これらのエラーを修正する最善の方法は、厳密に型指定された API を備えたライブラリの使用を検討することです。ただし、これが不可能な場合は、ライブラリの種類を自分で拡張できます。固定ライブラリ タイプの例は次のようになります。


 // ✅ Correct import { authenticate } from 'untyped-auth'; // ^? (login: string, password: string) => Promise<UserInfo | null> const userInfo = await authenticate('test', 'pwd'); // ^? UserInfo | null if (userInfo) { console.log(userInfo.name); }


危険なリターンはありません

no-unsafe-returnルールは、より具体的なものを返す必要がある関数から誤ってany型を返さないようにするのに役立ちます。このような場合、実際にはデータの型が異なる可能性があるにもかかわらず、コンパイラは戻り値が特定の型を持つと誤解する可能性があります。


たとえば、JSON を解析し、2 つのプロパティを持つオブジェクトを返す関数があるとします。


 // ❌ Incorrect interface FormValues { name: string; address: string; } function parseForm(json: string): FormValues { return JSON.parse(json); // ^ Unsafe return of an `any` typed value. } const form = parseForm('null'); console.log(form.name); // ^ TypeError: Cannot read properties of null


parseForm関数は、解析された値がチェックされないため、プログラムのどの部分でも使用されると実行時エラーが発生する可能性があります。 no-unsafe-returnルールにより、このような実行時の問題が防止されます。


この問題は、解析された JSON が期待される型と一致することを確認する検証を追加することで簡単に修正できます。今回は Zod ライブラリを使用してみましょう。
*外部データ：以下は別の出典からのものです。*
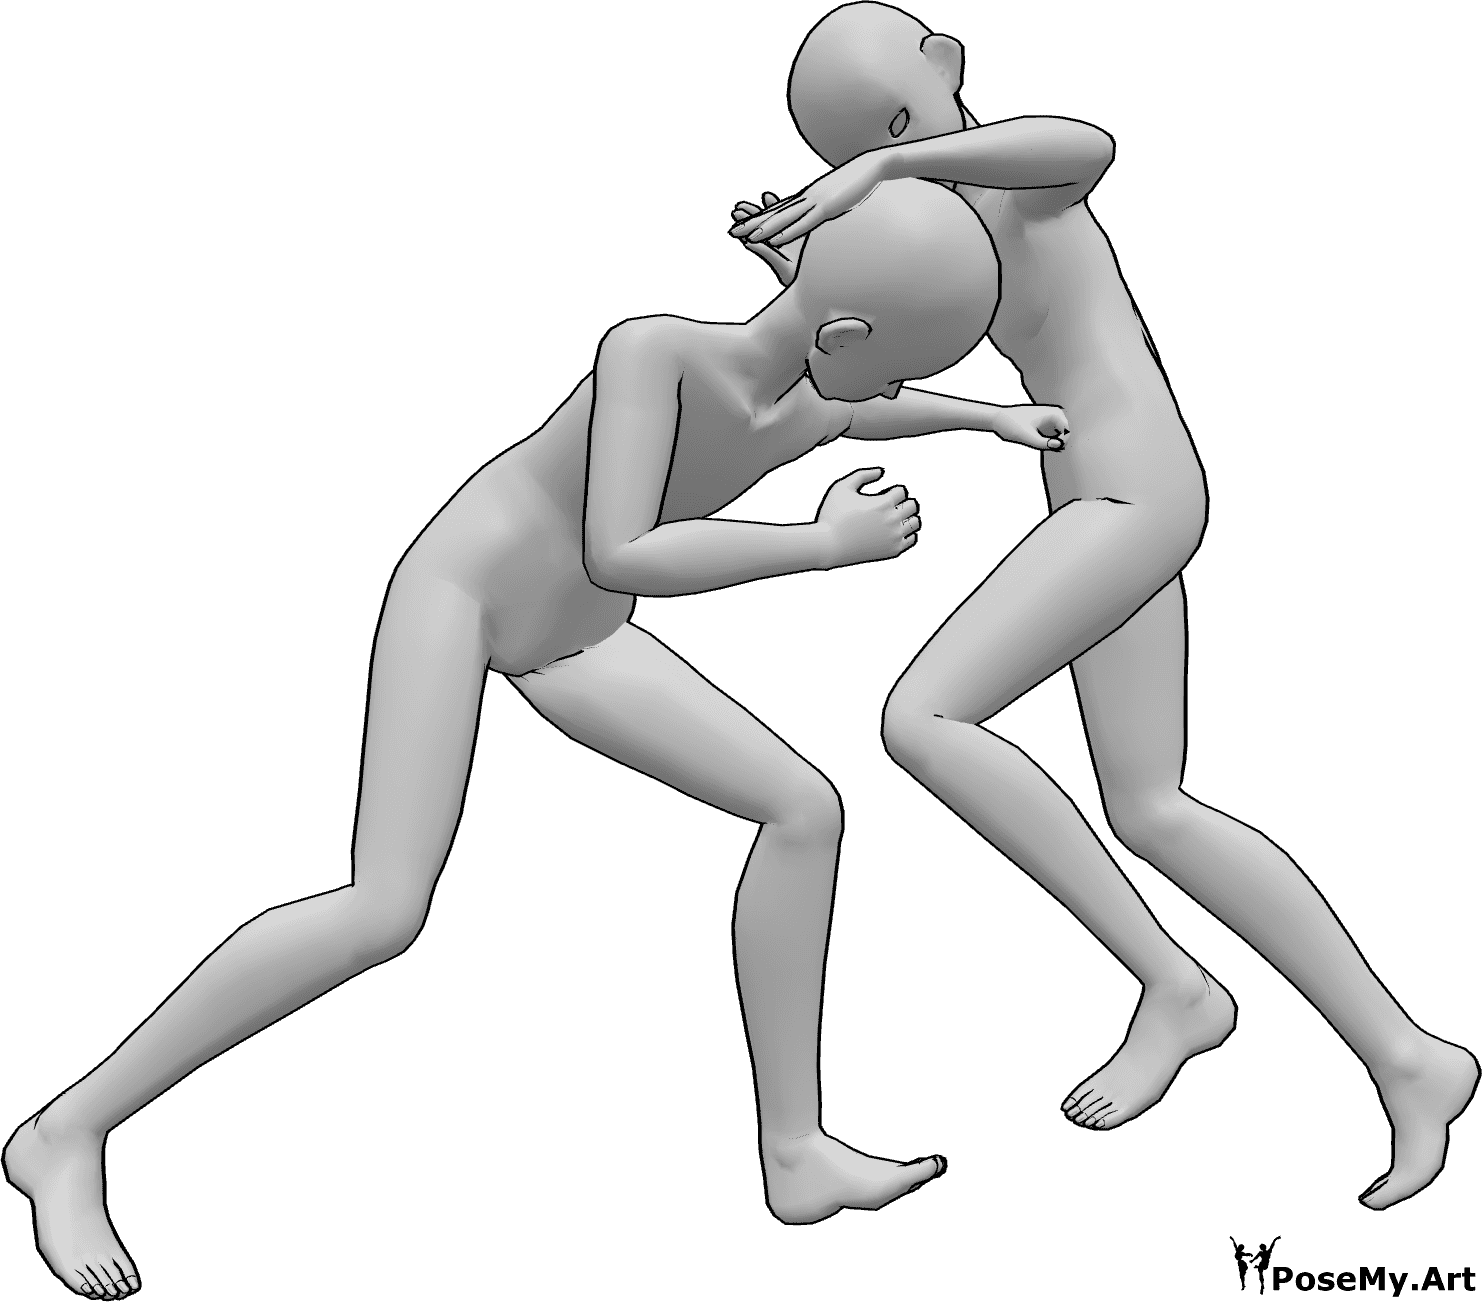 Referencia de poses- Postura de lucha anime - Dos machos anime se pelean, uno golpea al otro en el estómago, el otro le da una patada en la cabeza con la rodilla

 // ✅ Correct import { z } from 'zod'; const schema = z.object({ name: z.string(), address: z.string(), }); function parseForm(json: string): FormValues { return schema.parse(JSON.parse(json)); }


パフォーマンスに関する注意事項

型チェックされたルールを使用すると、すべての型を推論するために TypeScript のコンパイラを呼び出す必要があるため、ESLint のパフォーマンスが低下します。この速度の低下は主に、コミット前フックおよび CI でリンターを実行するときに顕著ですが、IDE で作業している場合には目立ちません。型チェックは IDE の起動時に 1 回実行され、コードを変更すると型が更新されます。


型を推論するだけの方が、通常のtscコンパイラの呼び出しよりも高速に動作することに注意してください。たとえば、約 150 万行の TypeScript コードを含む最新のプロジェクトでは、 tscによる型チェックに約 11 分かかりますが、ESLint の型認識ルールのブートストラップに必要な追加時間はわずか約 2 分です。


私たちのチームにとって、型を認識した静的解析ルールを使用することによって得られる追加の安全性は、トレードオフの価値があります。小規模なプロジェクトでは、この決定はさらに簡単になります。

結論

TypeScript プロジェクトでのanyの使用を制御することは、最適なタイプ セーフティとコード品質を達成するために重要です。 typescript-eslintプラグインを利用することで、開発者はコードベース内のany型の出現を特定して削除できるため、より堅牢で保守しやすいコードベースが得られます。


型を認識した eslint ルールを使用することにより、コードベース内にキーワードanyが出現しても、間違いや見落としではなく、意図的な決定となります。このアプローチにより、標準ライブラリやサードパーティの依存関係anyでなく、独自のコード内での使用も防止されます。


全体として、型認識リンターを使用すると、Java、Go、Rust などの静的型付けプログラミング言語と同様のレベルの型安全性を達成できます。これにより、大規模プロジェクトの開発とメンテナンスが大幅に簡素化されます。


この記事から何か新しいことを学んでいただければ幸いです。読んでくれてありがとう!